Man muss die Figur des Hermaphroditus gründlich von der Realität unterscheiden. Intergeschlechtliche Menschen werden mit Merkmalen geboren, die nicht eindeutig den Kategorien «männlich» oder «weiblich» zuzuordnen sind. Das ist eine natürliche Varianz, die schon immer vorkam. Sie kann verschiedenste Ursachen und Ausdrucksformen haben. Auch wenn intergeschlechtliche Menschen schon immer existierten, wurden sie oft dazu gezwungen, sich als Frau oder Mann in das binäre System einzugliedern.

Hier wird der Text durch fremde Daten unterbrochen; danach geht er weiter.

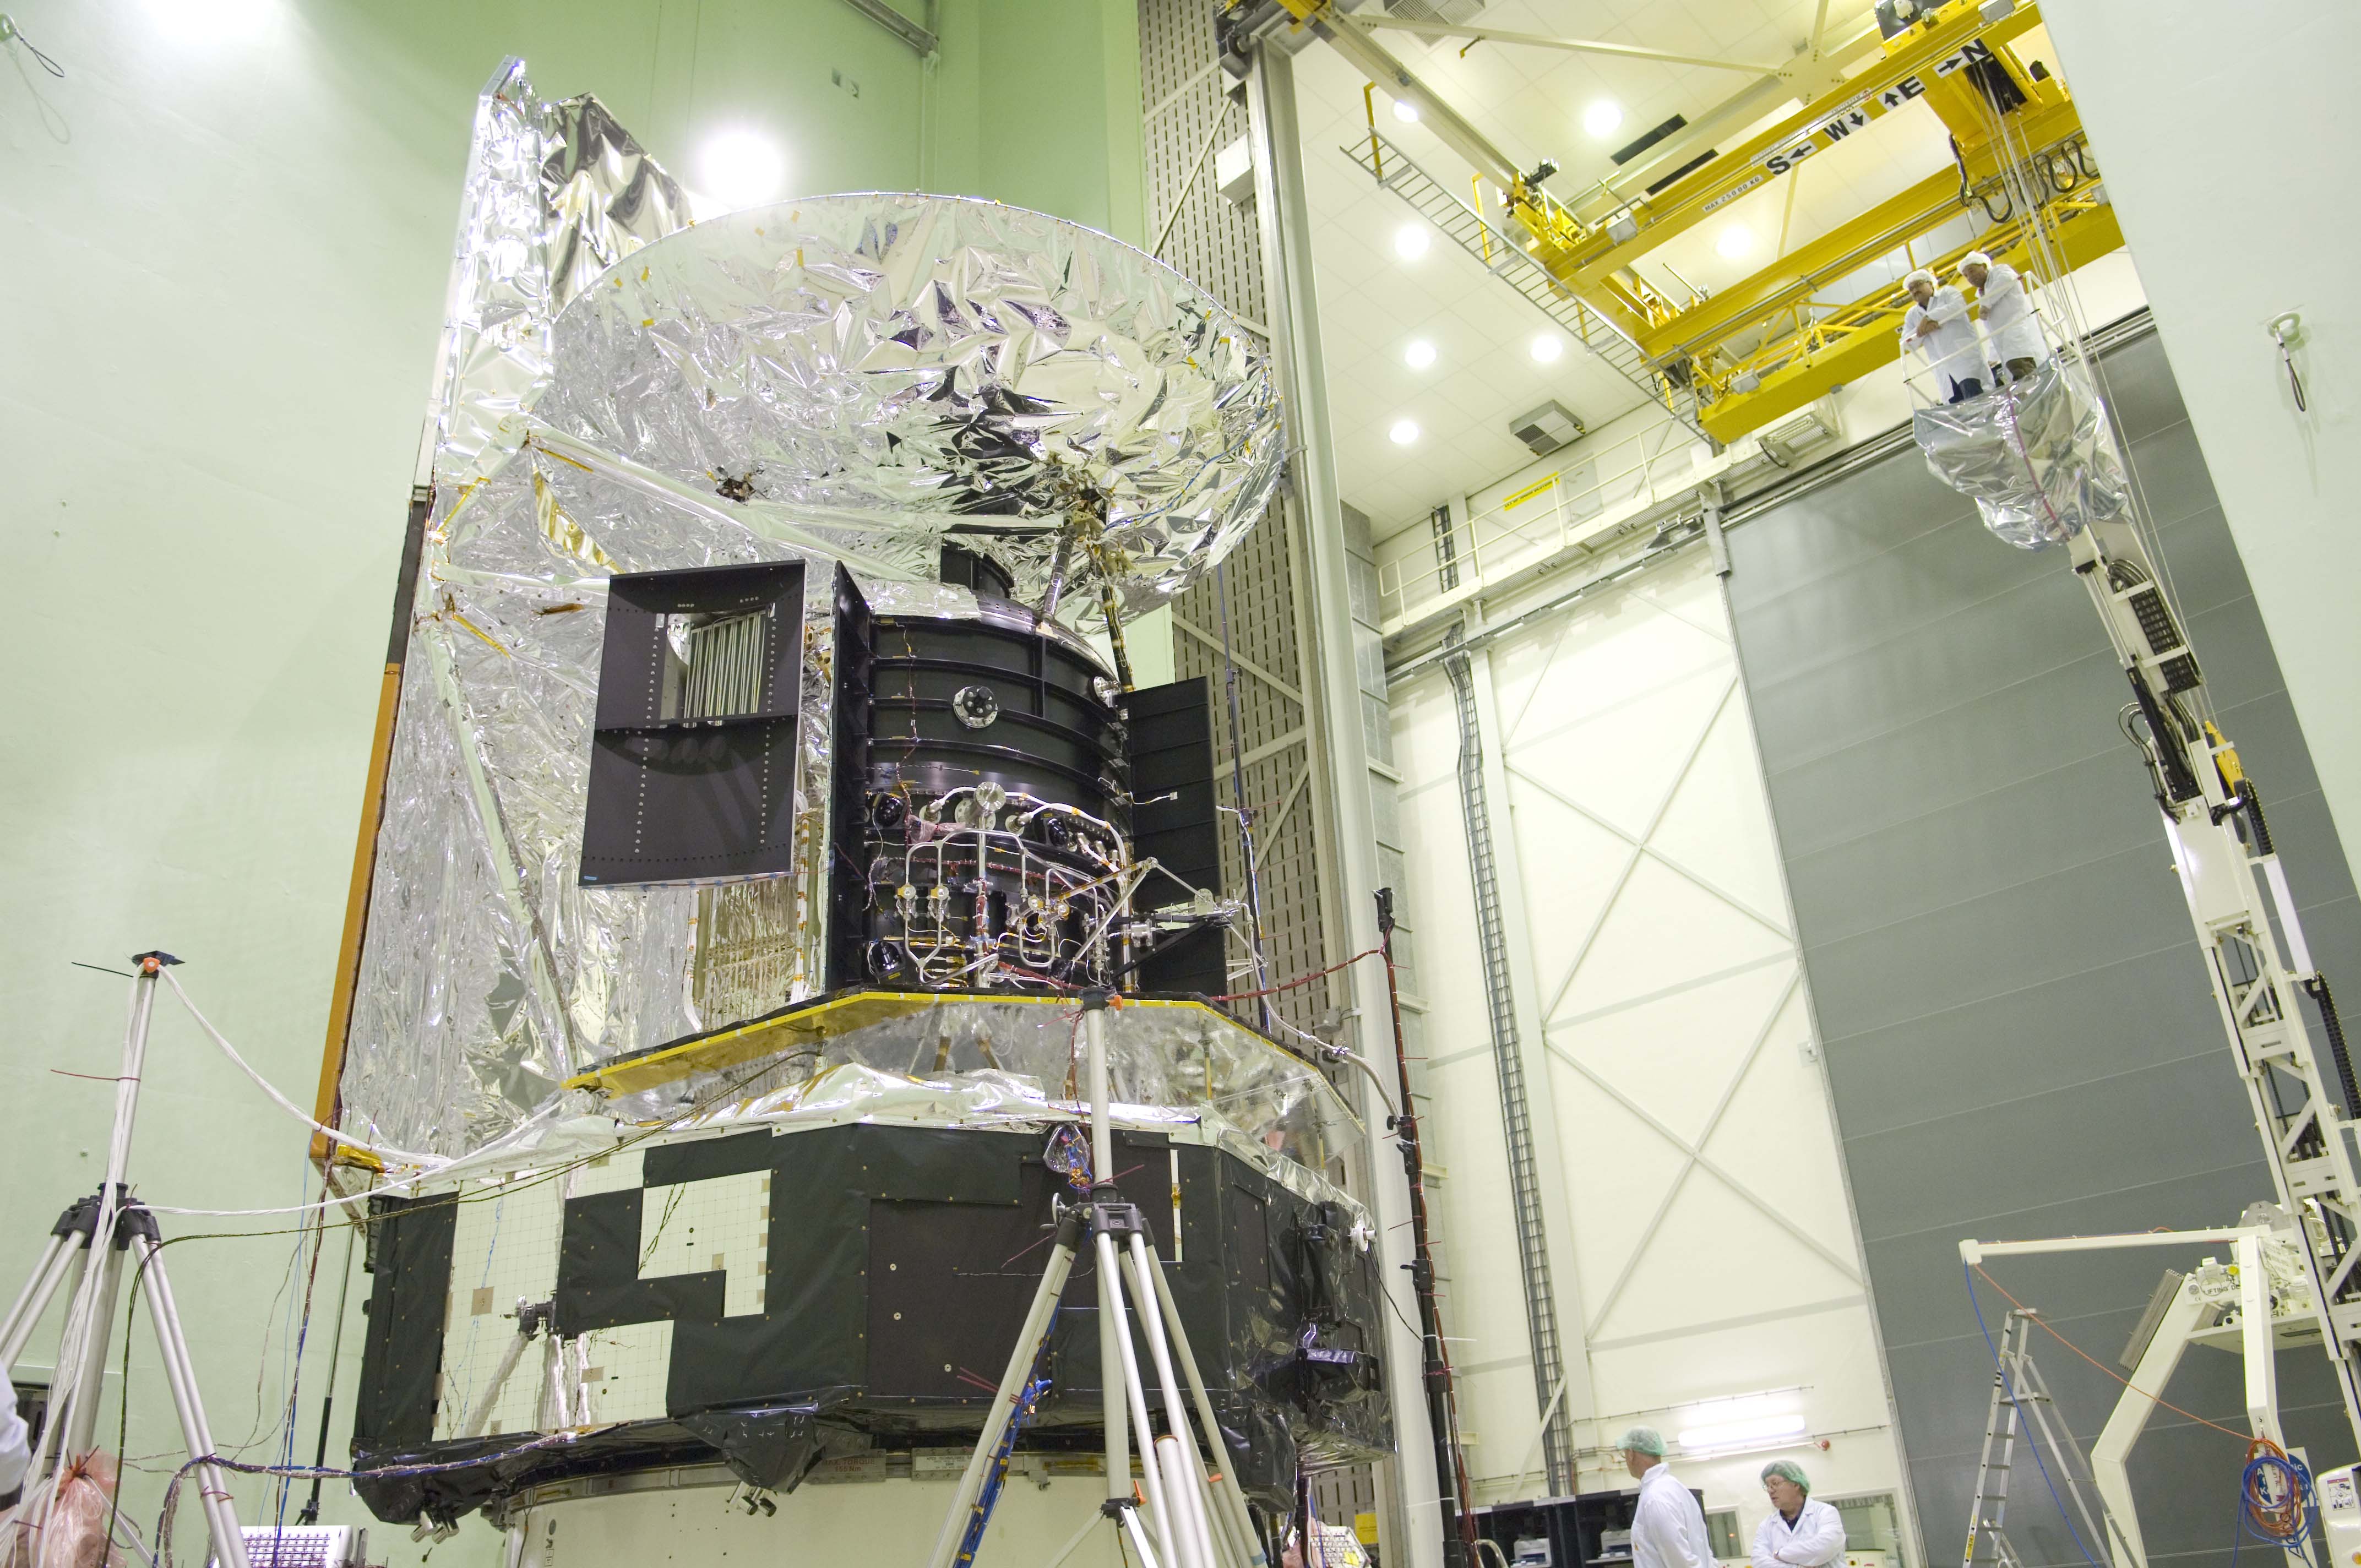 Herschel final test preparations in the Large European Acoustic Facility (LEAF)

Bartholomäus Spranger hat sich bei diesem Gemälde für den Moment kurz vor der Verschmelzung entschieden. Einerseits ist das der spannungsreichste Moment der Geschichte, und diese waren in der altmeisterlichen Kunst besonders beliebt. Andererseits schuf Spranger das Gemälde für Kaiser Rudolf II., der ein Faible für weibliche Aktdarstellungen hatte. Trotz aller Faszination für den Mythos des Hermaphroditus, die sowohl Kaiser als auch Künstler sicher hatten, entschied man sich für die Fokussierung auf den weiblichen Akt. Der männlich-heterosexuelle Blick siegt in diesem Fall.